— Давай! — громко крикнул обер-мастер.
Горновой просунул лом и нажал плечом.
Летку вырвало, и оттуда хлынул белый поток. Отстойник мигом наполнился, запузырился сверху — и вот чугун выпрыгнул и быстро побежал вперед, к ячейкам. Лаборантка взяла пробу.
Жар распространялся кругом. Мы передвинулись поглубже, но нас настигали ручейки металла, быстро заполнявшего все ячейки. Мех воротника на моем пальто высох и наершился. Я провел по воротнику рукой, мех затрещал.
— Пора уходить,— сказал Горюнов,— тут нужна привычка.
На улице падал мягкий снег, мигом освеживший наши лица.
— А может быть, от домны гора названа Теплой?— спросил я.
— Не думаю. Название пришло еще до шуваловской домны.
К нам приблизился обер-мастер. На лице его я увидел удовлетворение. Плавка удалась.
— Чугун-то белый,— сказал полковник,— а я думал — красный.

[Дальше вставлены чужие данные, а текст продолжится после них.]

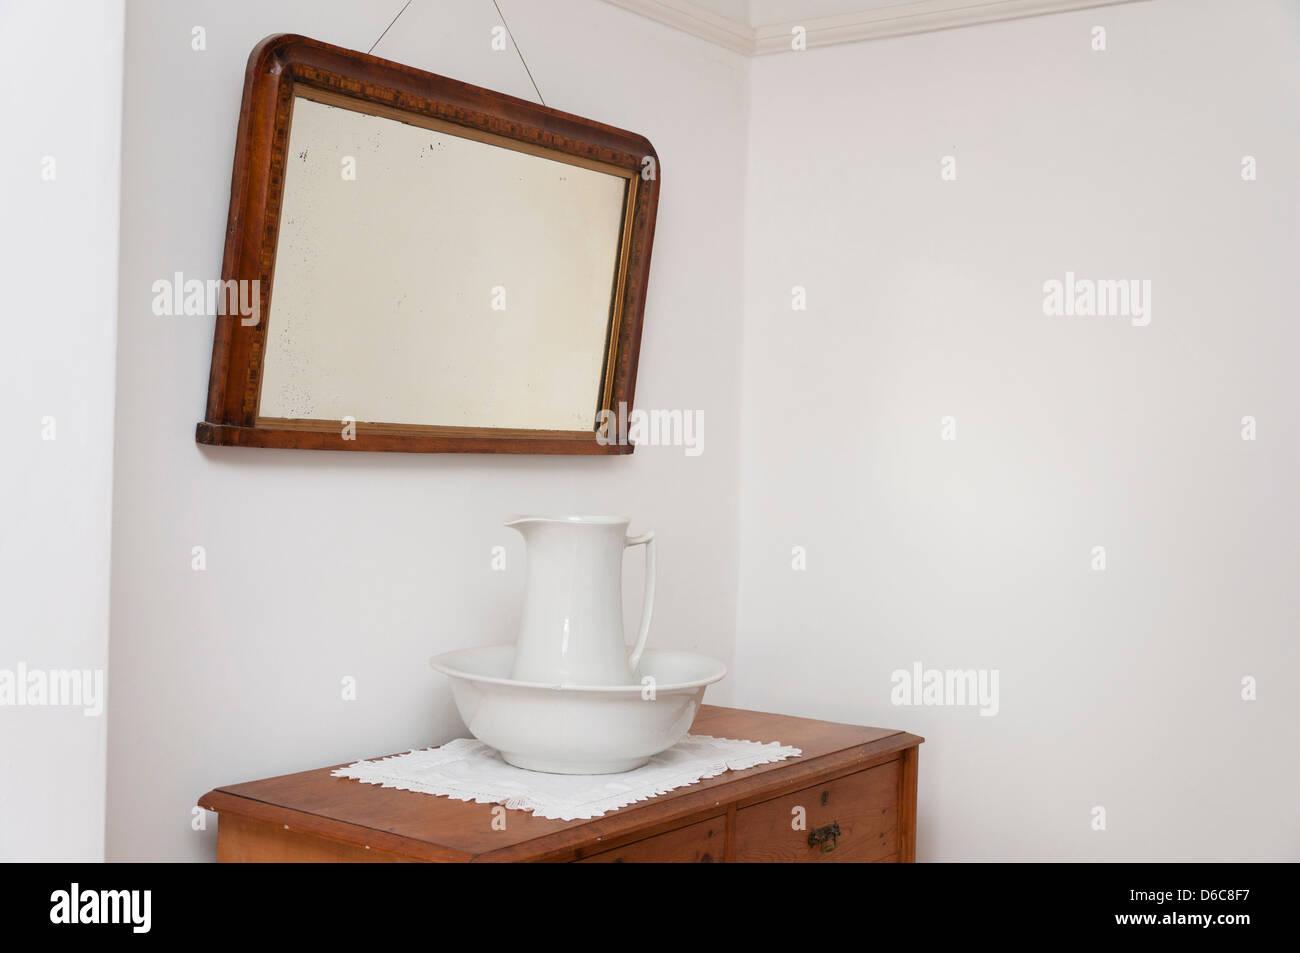 Wash Bowl Stock Photos & Wash Bowl Stock Images - Alamy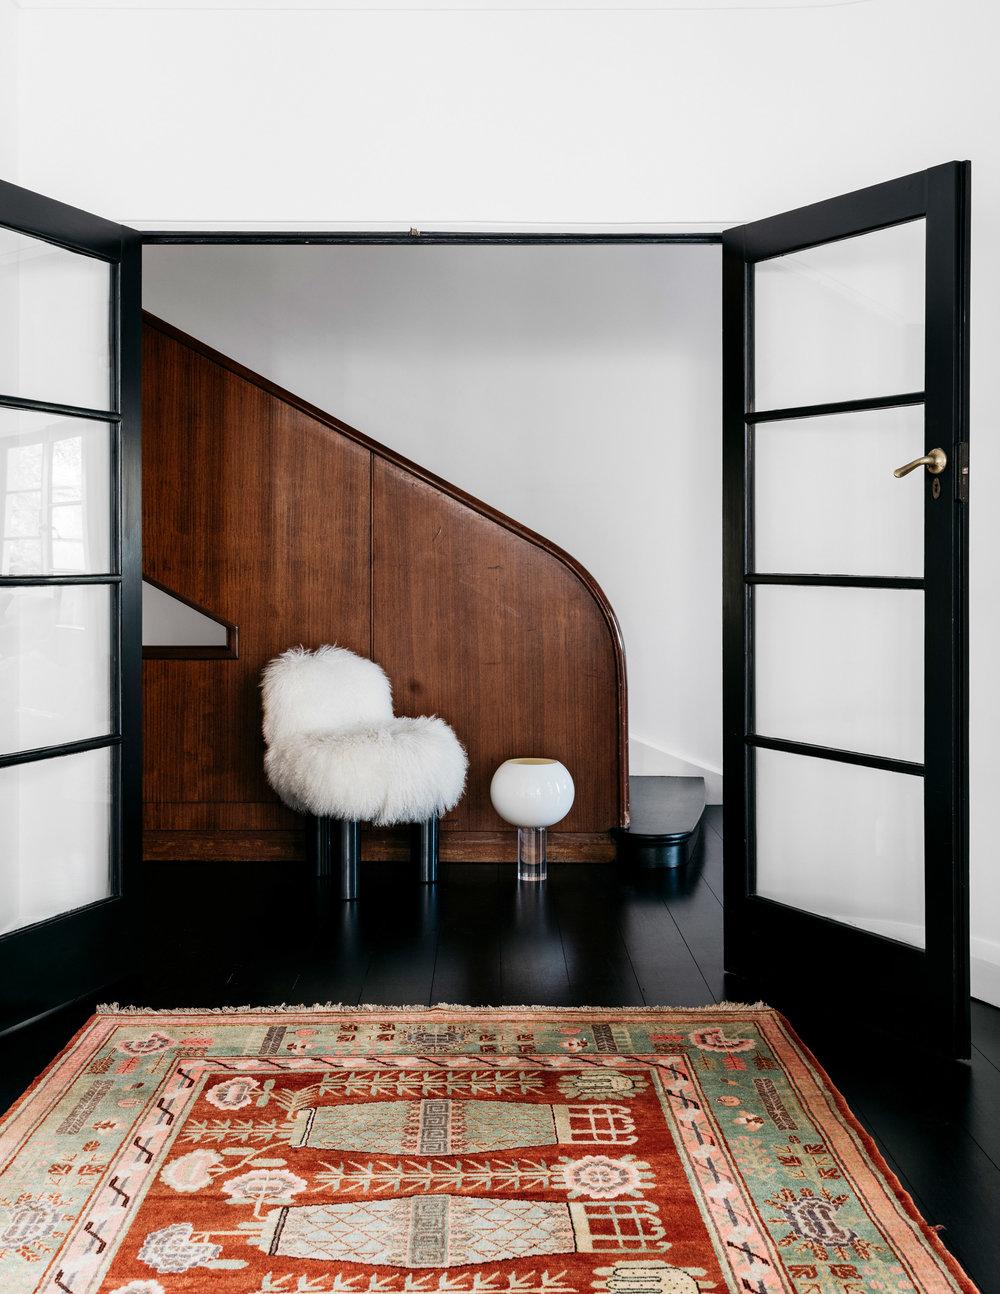 curatorial-house-arent-pyke-interiors-residential-australia-sydney_dezeen_2364_col_7.jpg

— Уральское молочко,— сказал обер-мастер, сняв рукавицы и вынув кисет.— Гитлера поить... Вот так, через каждые четыре часа, доим свою коровку.
Горы затянуло. Снег валил все гуще. Вскоре побелели леса, точно окунулись в молоко. И только чернела большая, горячая домна, вечный труженик Теплой горы.
Нас ожидали три пары саней, на которых мы должны были ехать на золотые прииски, куда-то далеко в горы.
— Может быть, прислать машину?— спросил полковник.
— Машина не пройдет,— ответил директор,— лошадьми в самый раз. Можно бы обождать, но, раз торопитесь, езжайте. Наши ямщики выберутся из любой метели, им это не впервой.
— А не выберутся, мы поможем,— Горюнов умостился в санях, опустил уши пыжиковой шапки.— Нам тоже к метелям не привыкать.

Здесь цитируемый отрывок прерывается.